Python Reptile (b) _urllib2 use

The so-called web crawling, URL is the address specified network resource is read from the network stream out to save locally. There are many libraries in Python can be used to crawl the web, we first learn urllib2.

urllib2 is Python2.x built-in module (do not need to download, you can use the import)
urllib2 official website Documentation: https://docs.python.org/2/library/urllib2.html
urllib2 Source

urllib2It was changed in the python3.xurllib.request

urlopen

Let's take a section of code:

# - * - Coding: UTF-. 8 - * - 
# 01.urllib2_urlopen.py 

# import urllib2 library 

Import urllib2 

# to the specified url transmission request, and the server returns the file-like object 
Response = urllib2.urlopen ( " HTTP: // www.baidu.com " ) 

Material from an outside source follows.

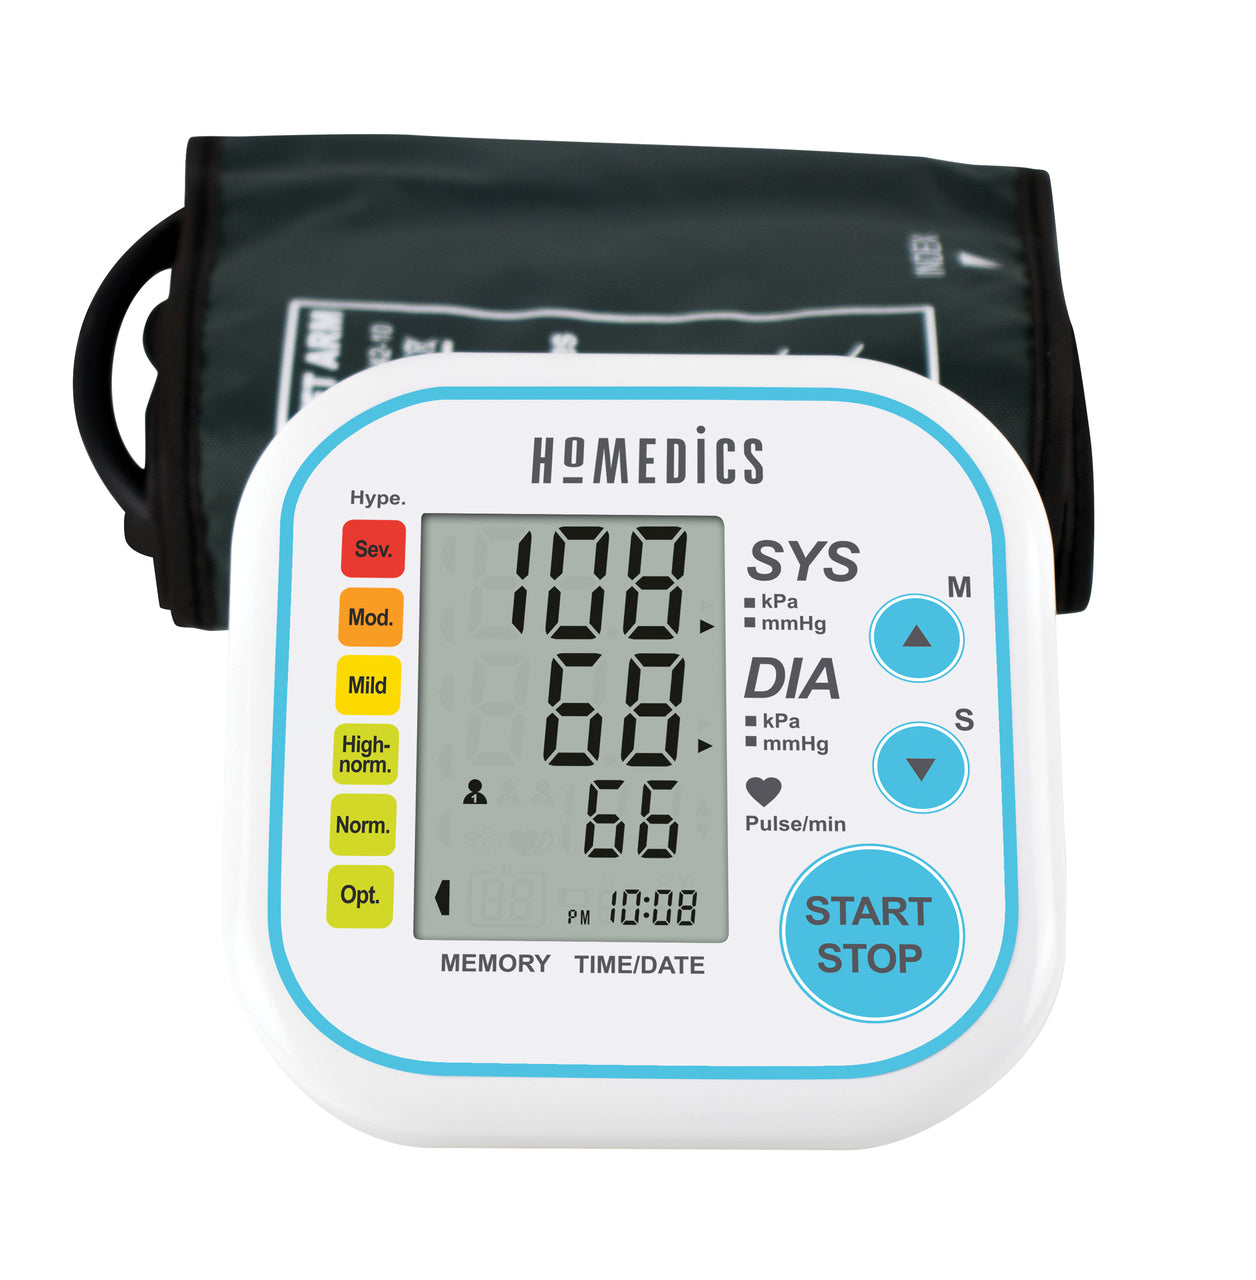 HoMedics BPA-3020 Auto Arm Blood Pressure Monitor

# operation class file object file object supports, such as read () method reads file 
HTML = response.read () 

# print string 
Print (HTML)

Run python code is written, it will print the results:

python2 01.urllib2_urlopen.py 

In fact, if we marked Baidu home page, right click in the browser "View Source", you will find us just print out is exactly the same. In other words, the above four lines of code had to help us put Baidu home page of all the code climb down.
A basic url python code corresponding to the request is really quite simple.

Request

View the official document url is used as follows:

urllib2.urlopen(url[, data[, timeout[, cafile[, capath[, cadefault[, context]]]]])
    Open the URL url, which can be either a string or a Request object.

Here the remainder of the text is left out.